WHAT THIS TASK INVOLVES –
Images excepted, the data below must be repeated exactly.

SUPPLIED DATA –

▽

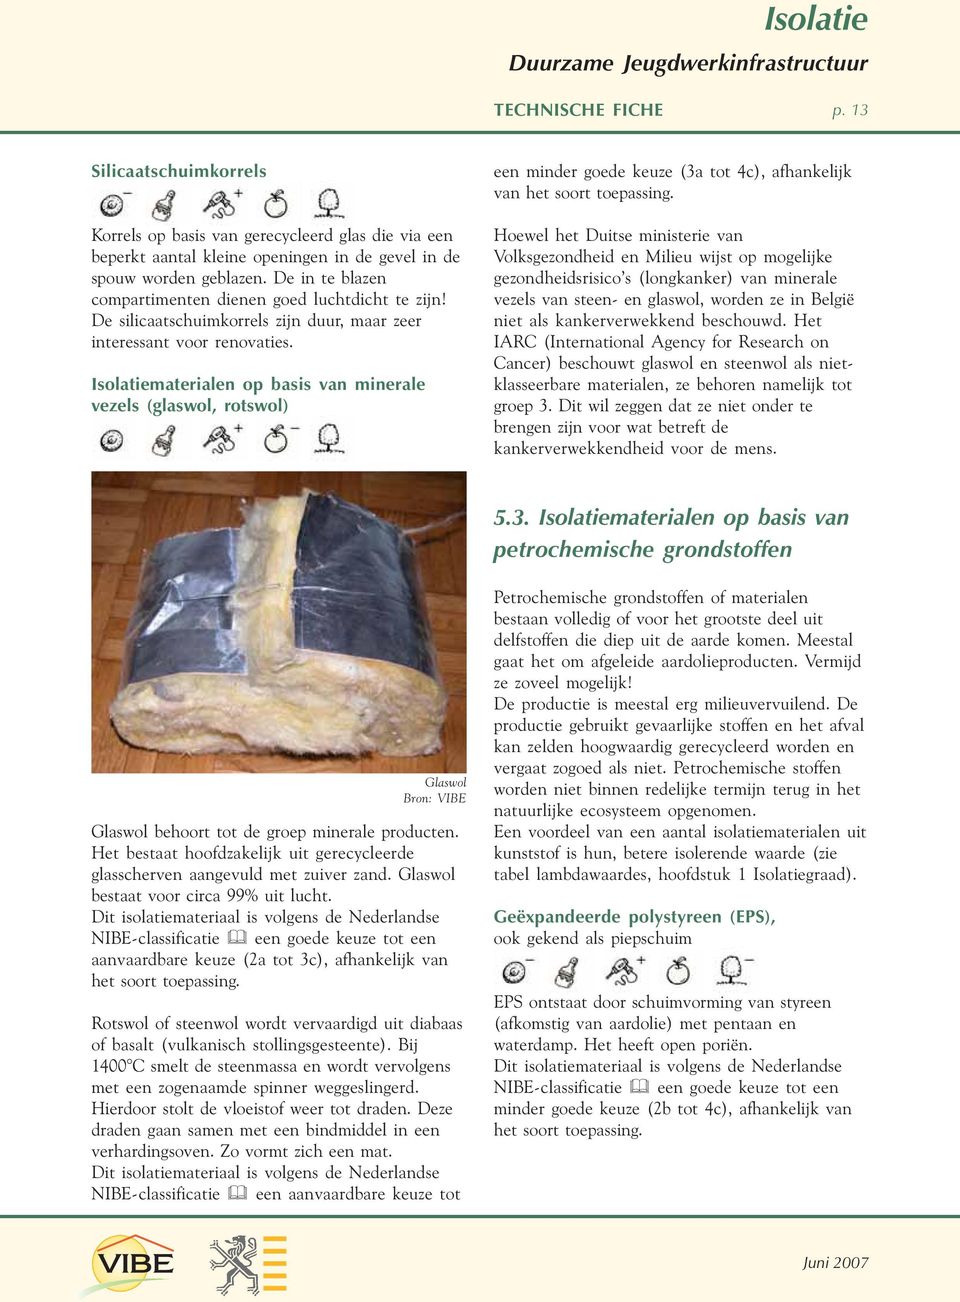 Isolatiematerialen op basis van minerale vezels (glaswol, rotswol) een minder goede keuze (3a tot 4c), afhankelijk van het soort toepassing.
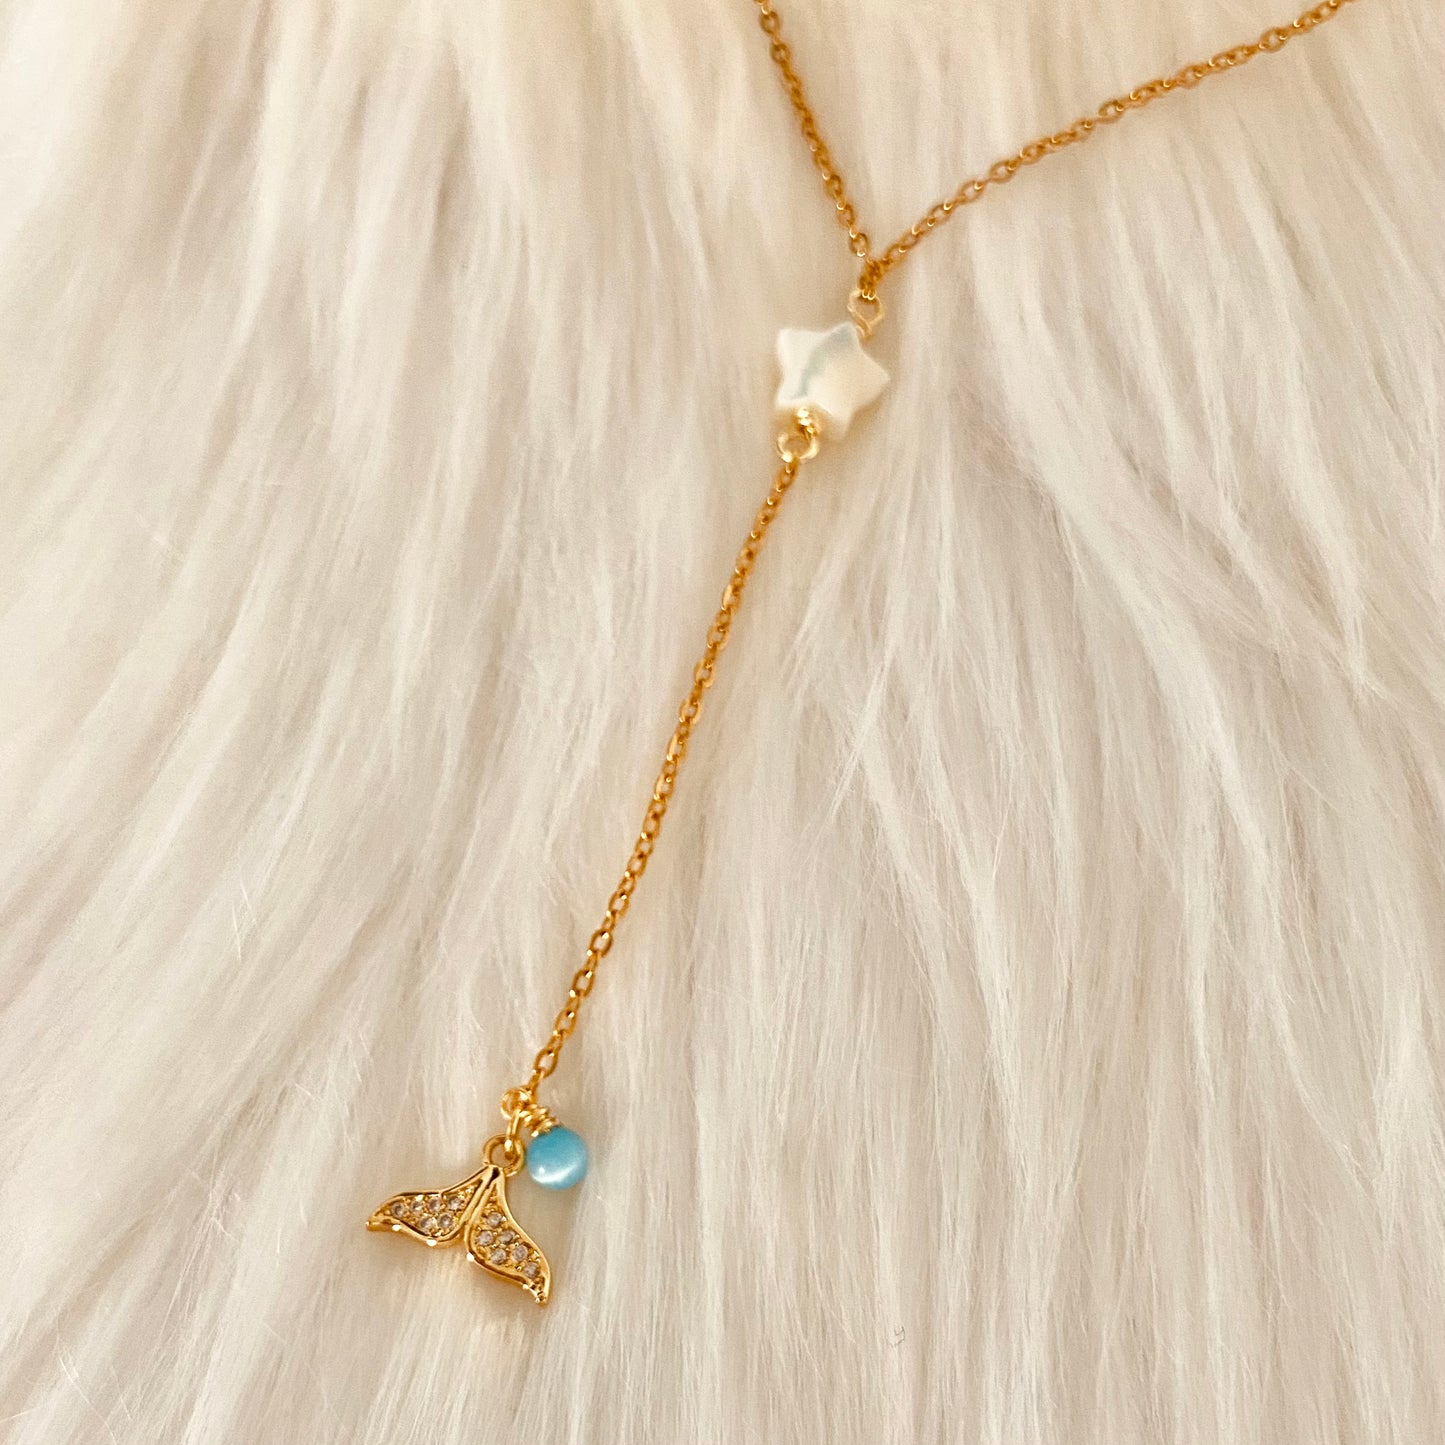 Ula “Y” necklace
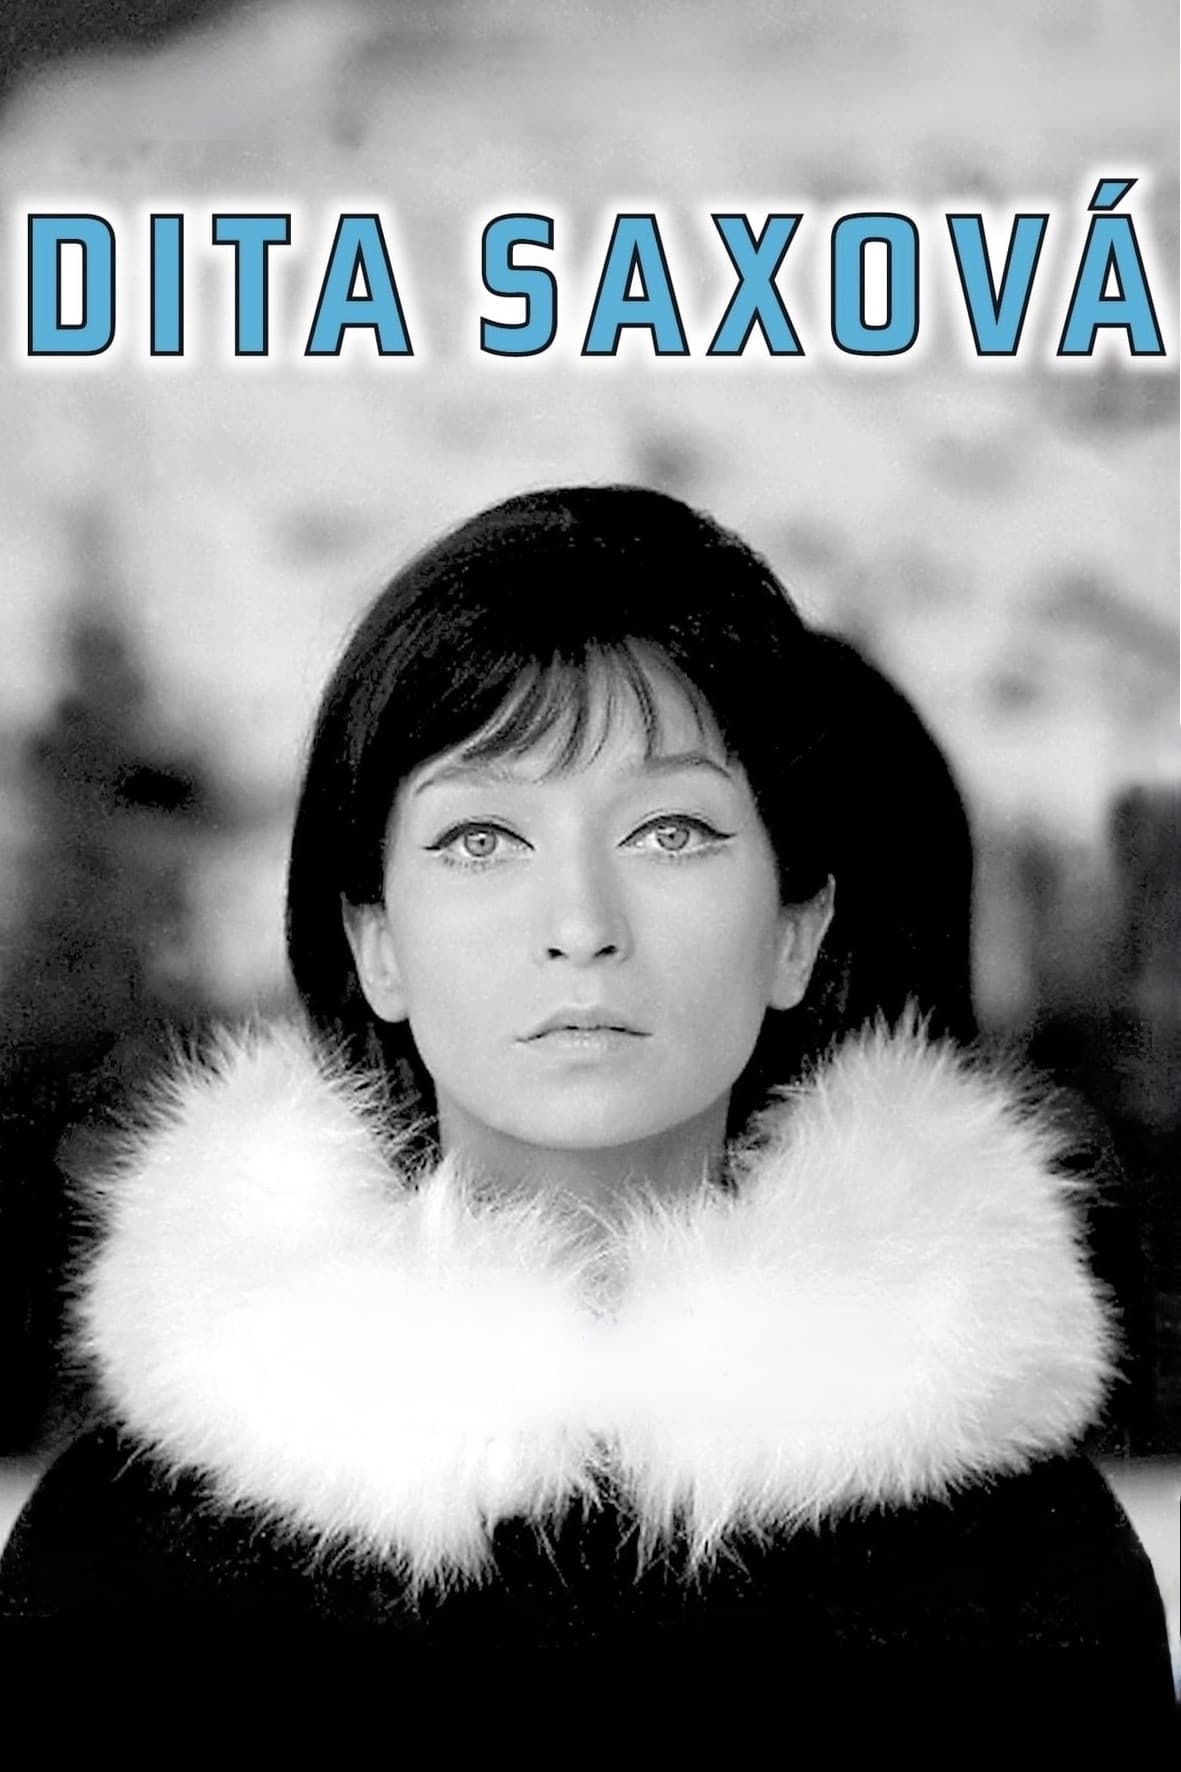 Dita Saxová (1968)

△

EXERCISE ANSWER –
 Isolatiematerialen op basis van minerale vezels (glaswol, rotswol) een minder goede keuze (3a tot 4c), afhankelijk van het soort toepassing.
 Ula “Y” necklace
 Dita Saxová (1968)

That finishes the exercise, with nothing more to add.